Les idées n’appartiennent à personne.
Ce serait faire preuve d’un orgueil démesuré que de penser le contraire. Après tout, une idée, ce n’est qu’un rien insaisissable. Juste le résultat de la lente macération des expériences, des sentiments, des influences et d’autres choses qui font ce que chacun est. On n’est jamais le seul à avoir l’idée que l’on croit unique et qui effleure les hémisphères. On ne fait que puiser dans le pot commun des connaissances et si on peut donner, c’est seulement parce qu’on a reçu.
La création ne naît pas de nulle part. Mettre au jour une œuvre personnelle, c’est chercher à mettre en contact une part de soi – une partie de son être – avec celle d’autres. Et c’est par un phénomène de résonance que les choses avancent.
Qui pourrait oser museler ce concert millénaire sans remords ? Qui oserait faire taire les voix qui inspirent et font avancer le monde ? Peut-être un homme aveugle. Aveuglé par l’argent, par la célébrité, par un désir de revanche, par quelques sombres motivations. Je ne cautionne pas cette envie d’allumer une lumière tout en ayant la volonté de laisser un maximum de personnes dans l’obscurité la plus noire. Je ne comprends pas. Mettre des idées en cage, ce serait comme mettre en cage des oiseaux sauvages. Je ne comprends pas.
C’est parce qu’on découvre en marchant le concerto de gazouillis improvisé qui se trouve perché dans un arbre que l’on est sous le charme. Et le fait aussi que n’importe quel passant puisse en jouir tout aussi pleinement que soi-même on l’a fait avant.
Les idées appartiennent à tout le monde.
Dès le moment où l’idée m’est sortie de la tête, elle ne m’appartient plus. Je reste responsable des dégâts qu’elle pourrait faire mais je ne dois pas attendre de remerciements pour le bien qu’elle pourrait faire. S’il existe des droits pour l’artiste, ce qui doit être son devoir, c’est ceci : le respect du public et la modestie.
L’œuvre se serait probablement réalisée sans le truchement de notre cerveau. Un autre l’aurait eu, plus tard. Je n’ai été que l’outil de sa maturation. Un instrument. Si l’idée est un fruit, je ne suis que le soleil, la terre et l’eau qui l’ont aidé à mûrir, à tomber et à germer.
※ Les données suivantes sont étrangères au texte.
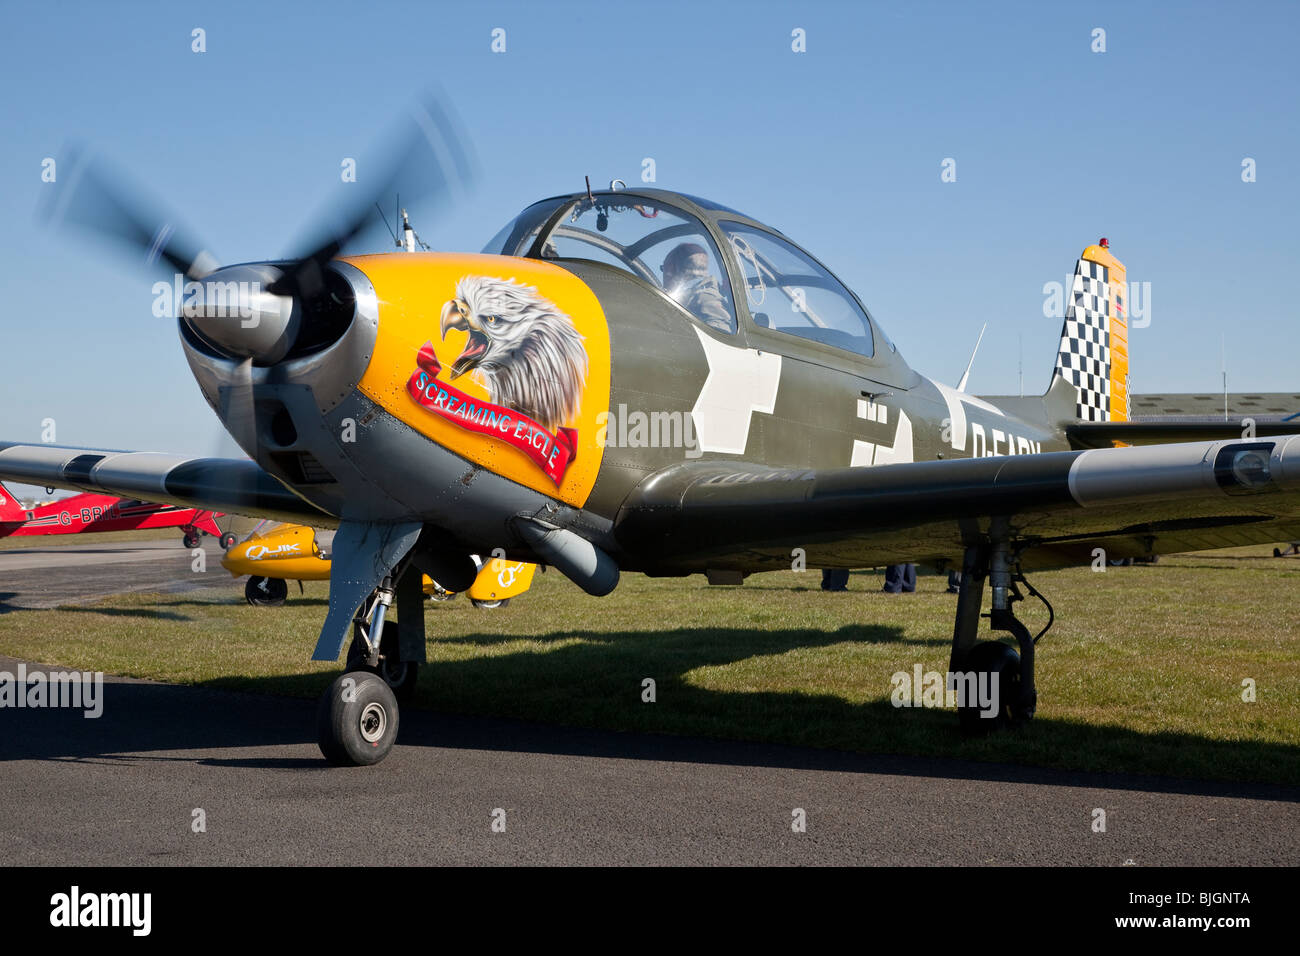 Focke-Wulf FWP-149D registered D-EARY, at Breighton - Stock Image

Bien sûr, on peut récompenser le travail qui a permis à une idée de réaliser. Mais voilà, on ne récompense pas l’idée ; on récompense le travail – le temps passé et les efforts fournis. Si je vais au restaurant, j’aime payer pour les ingrédients et pour la façon jamais vue de préparer le plat, mais non pas pour la recette, toute originale qu’elle soit. À l’artisan, je veux bien payer pour la matière-première, pour le tour de main et pour tout ce que le créateur a dû apprendre pour parvenir à ce résultat mais sûrement pas pour l’idée qu’il a eu un jour d’agencer le tout d’une façon unique.
Et tout est encore différent avec l’internet.
Sur la toile qui relie quelques milliards d’internautes entre eux, on dématérialise : musique, photographie, littérature, cinéma, etc. Mais aussi argent. Cet argent qui ne sert plus qu’à se nourrir, à se loger et à s’instruire. Ou en tout cas, ne devrait servir qu’à cela. Mais des trois, l’instruction seule est secondaire. Alors, quand on n’a plus d’argent, que faire ? Refuser de s’abrutir par manque d’argent : prendre sans rien donner en échange. Au début. Mais, fort de ce capital que l’internet permet de construire à partir d’une matière invisible, on se construit soi-même. Et sur ce que l’on est, d’autres peuvent s’appuyer pour à leur tour grandir et pousser.
Recevoir sans donner pour ensuite donner sans recevoir.
Et même si je me trompais, qu’il n’y avait qu’une seule personne au monde qui agit comme je le dis, elle mériterait qu’on n’interdise jamais le partage des idées. Pour que l’inspiration ne meurt pas. Pour que la création ne s’arrête pas. Pour que les idées restent libres.
Très convaincant, comme je le disais. J’admets que l’idée est tentante…
Néanmoins, pour ça, il faudrait que les êtres soient respectueux entre eux, et envers les idées…ce qui, malheureusement, n’est pas encore d’activité.
Vous avez raison: la connaissance appartient à toute l’humanité. Beaucoup de gens sont tourmentés par l’inégalité et par l’injustice mais chacun lutte à sa manière.